EXERCISE DIRECTIONS:
Could you give back exactly the lines below from the one with "Chicago Cubs Tiny" through the one with "Las abejas faenan", without a single picture?

EXTRACTED DATA:
—————
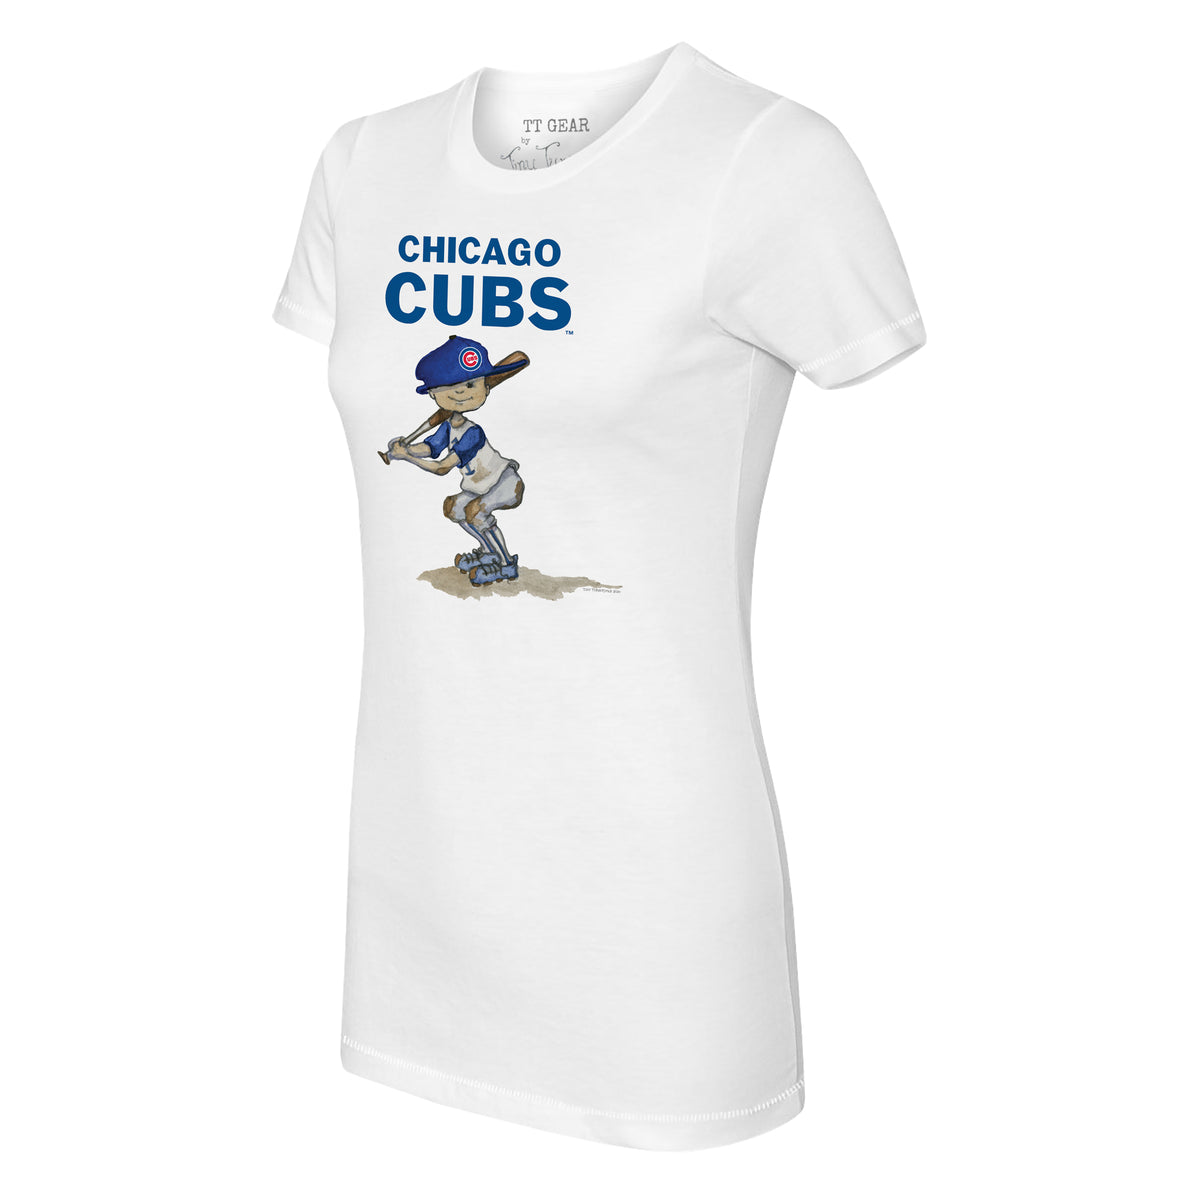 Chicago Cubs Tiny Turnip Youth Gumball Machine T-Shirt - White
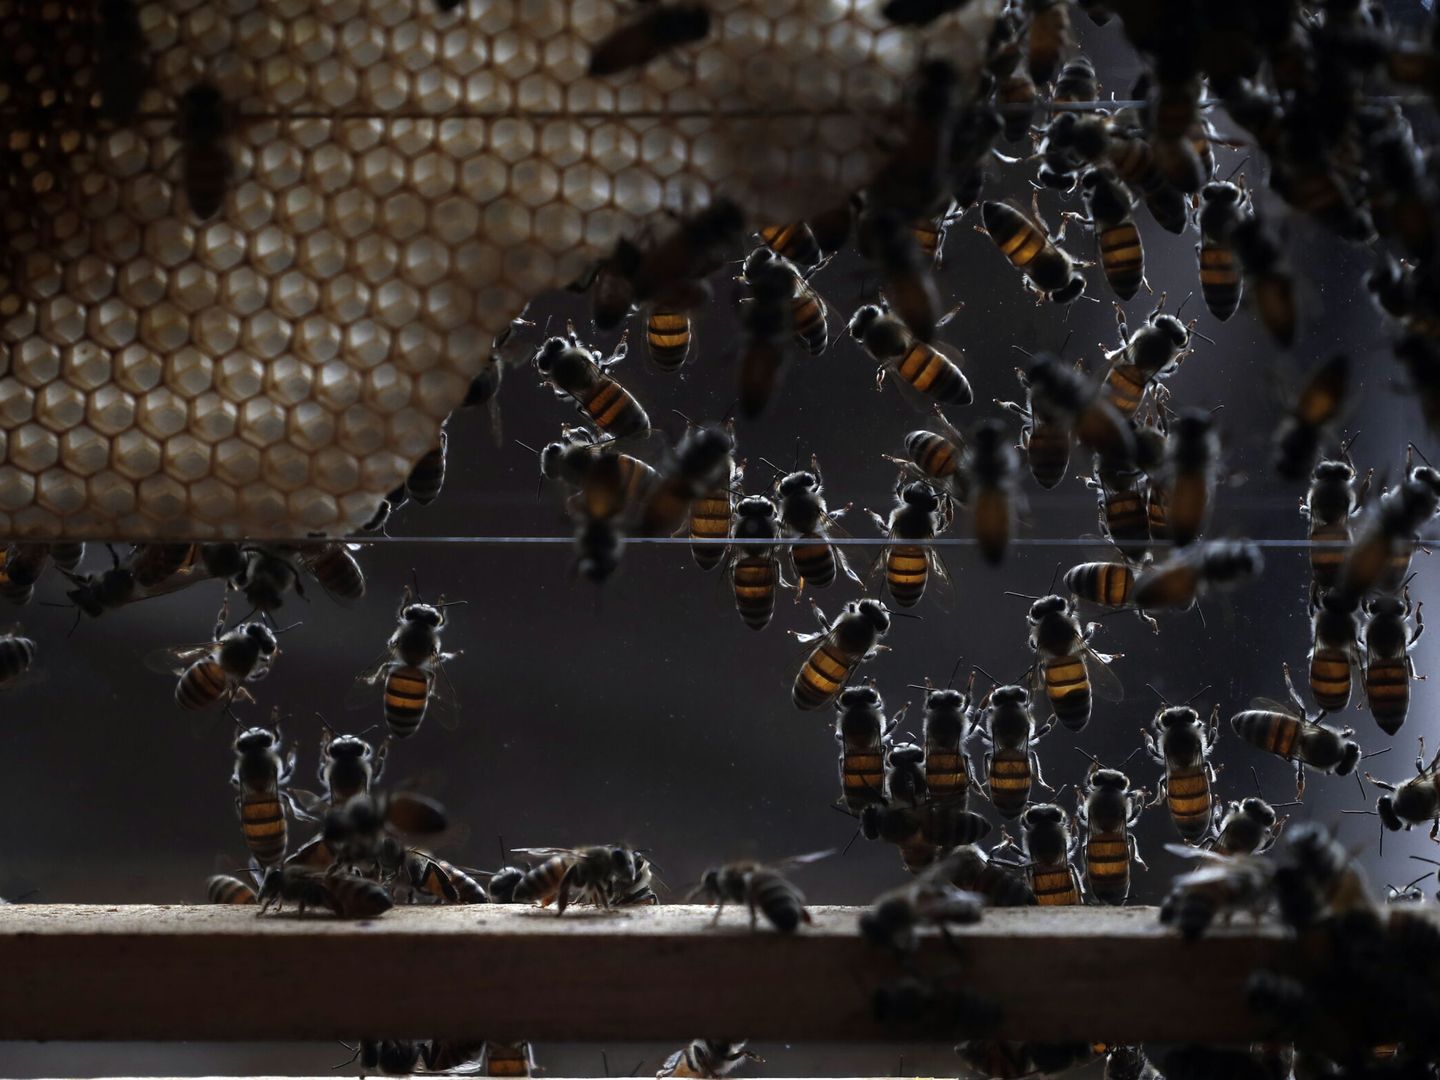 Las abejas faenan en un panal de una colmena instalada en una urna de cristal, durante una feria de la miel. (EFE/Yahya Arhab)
—————
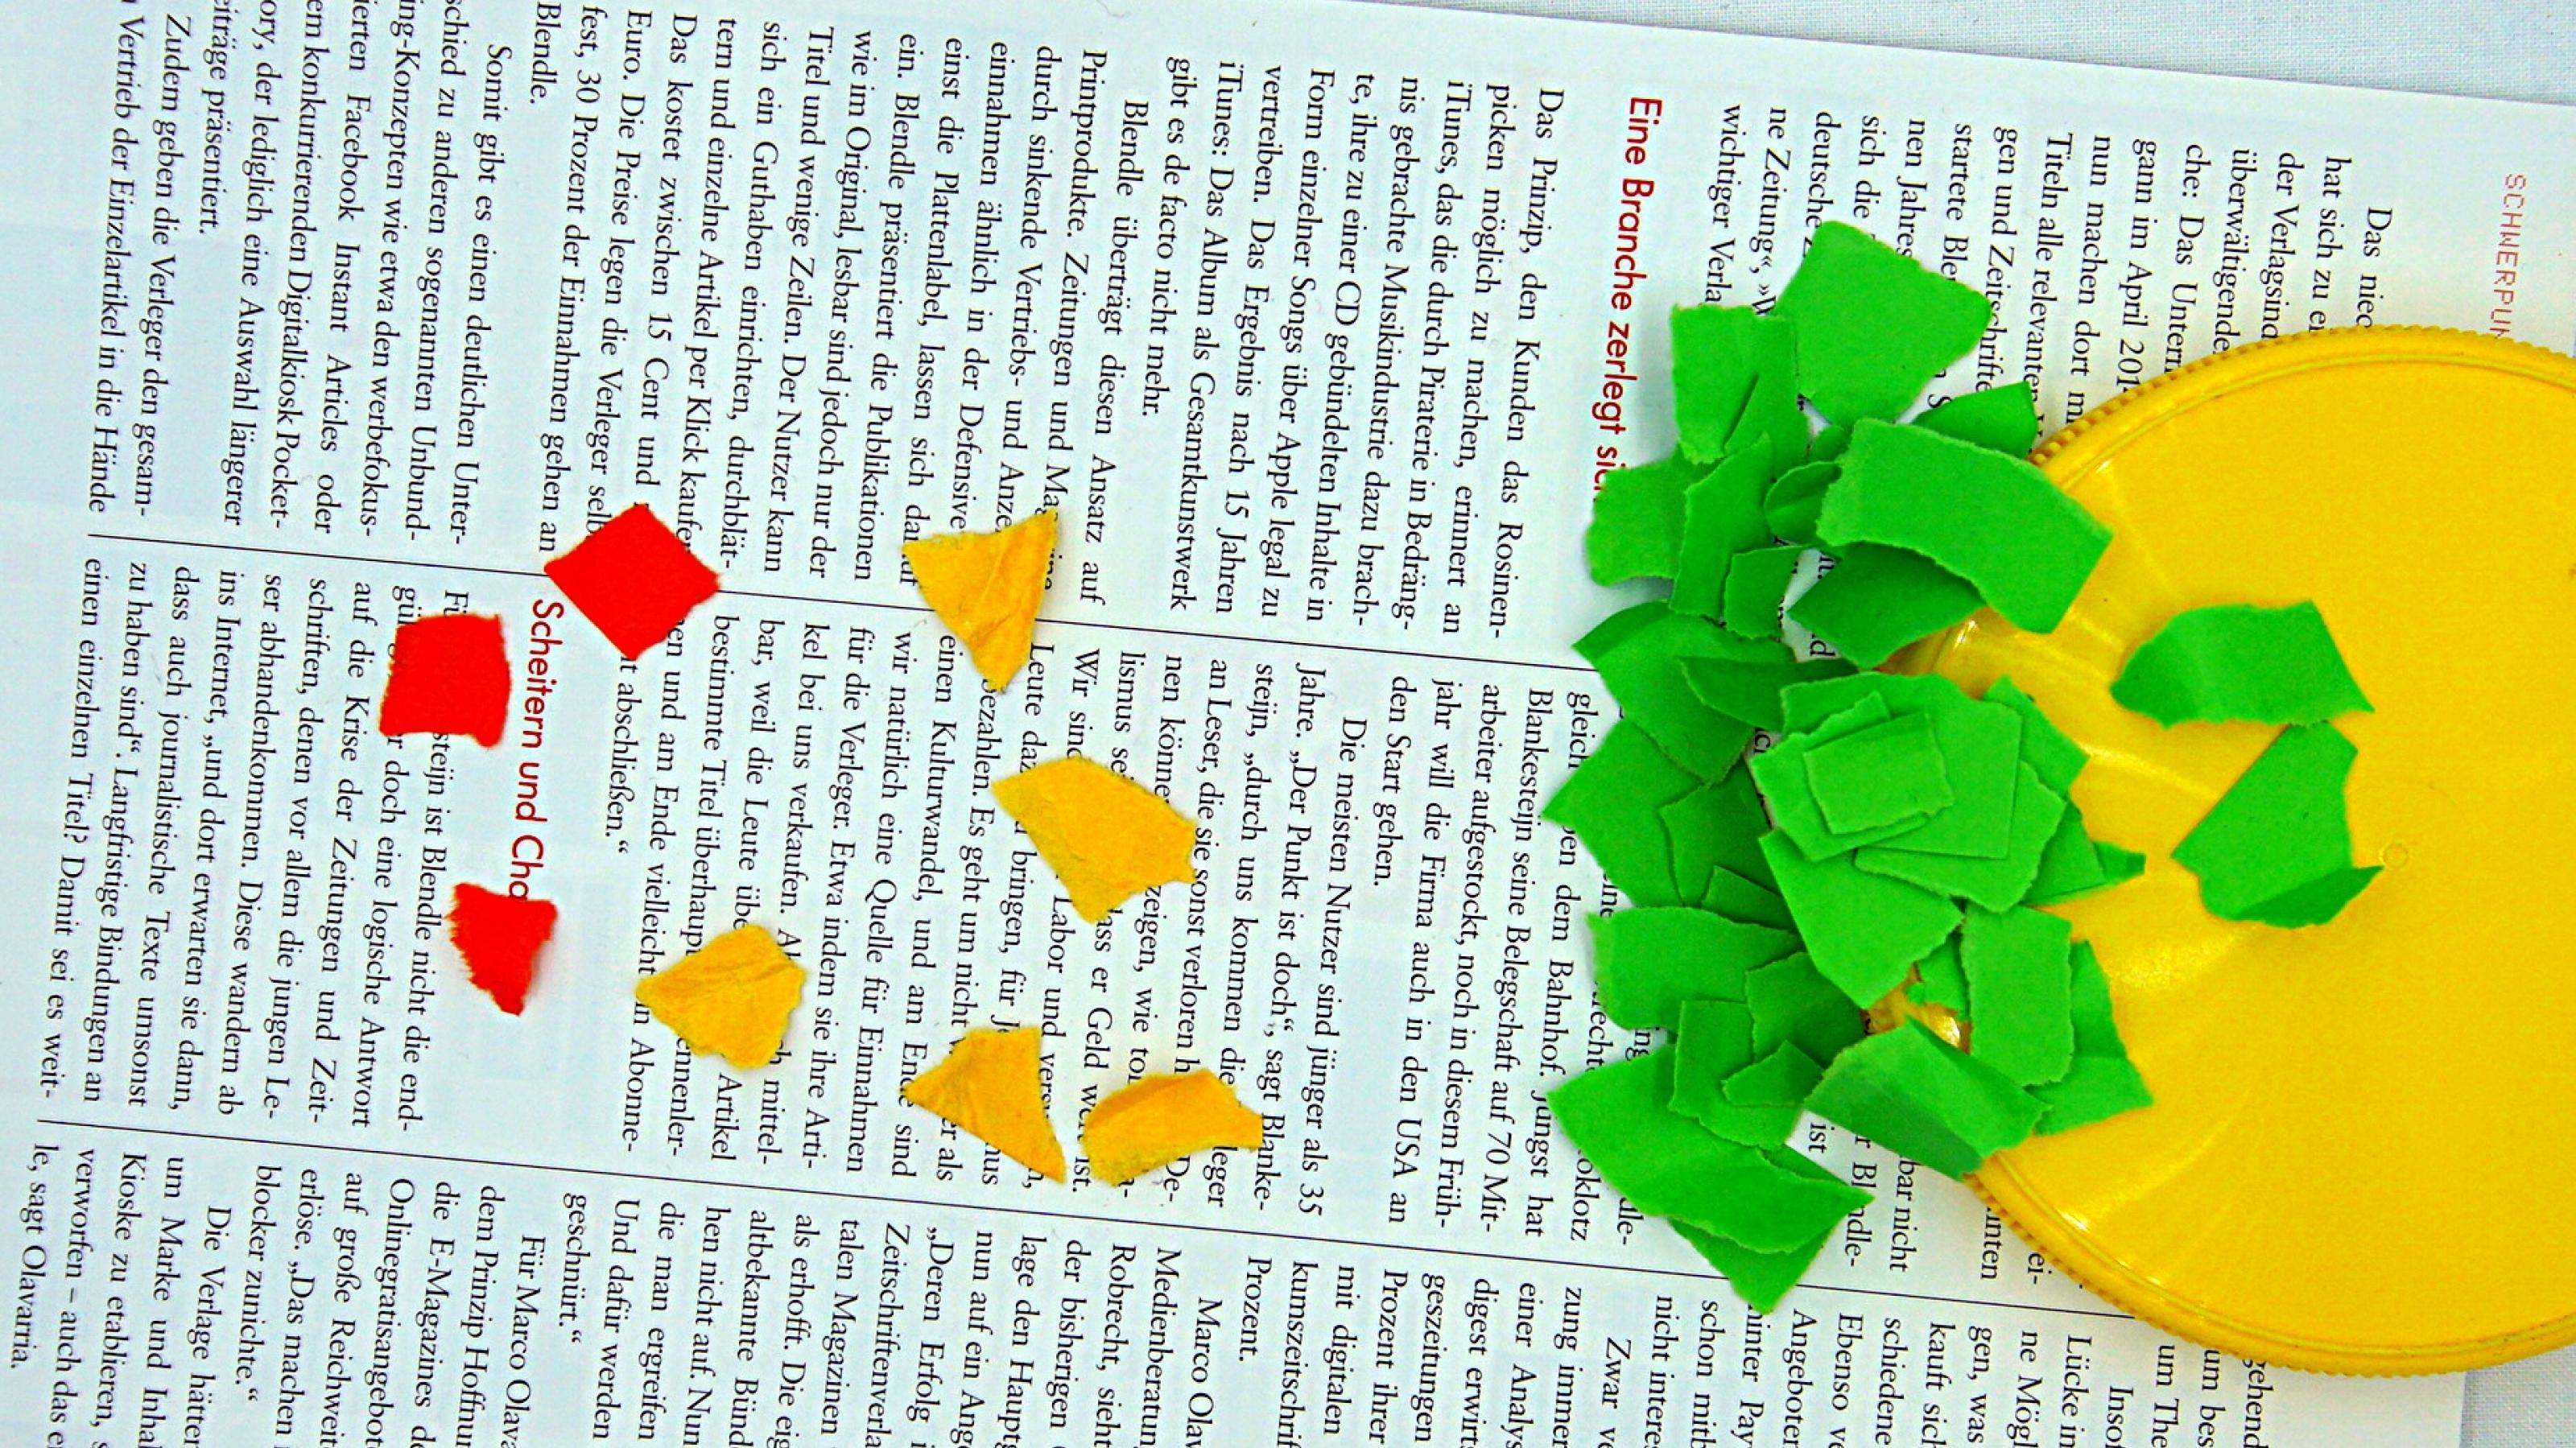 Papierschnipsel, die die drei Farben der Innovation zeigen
—————
PROBLEM SOLUTION:
 Chicago Cubs Tiny Turnip Youth Gumball Machine T-Shirt - White
 Las abejas faenan en un panal de una colmena instalada en una urna de cristal, durante una feria de la miel. (EFE/Yahya Arhab)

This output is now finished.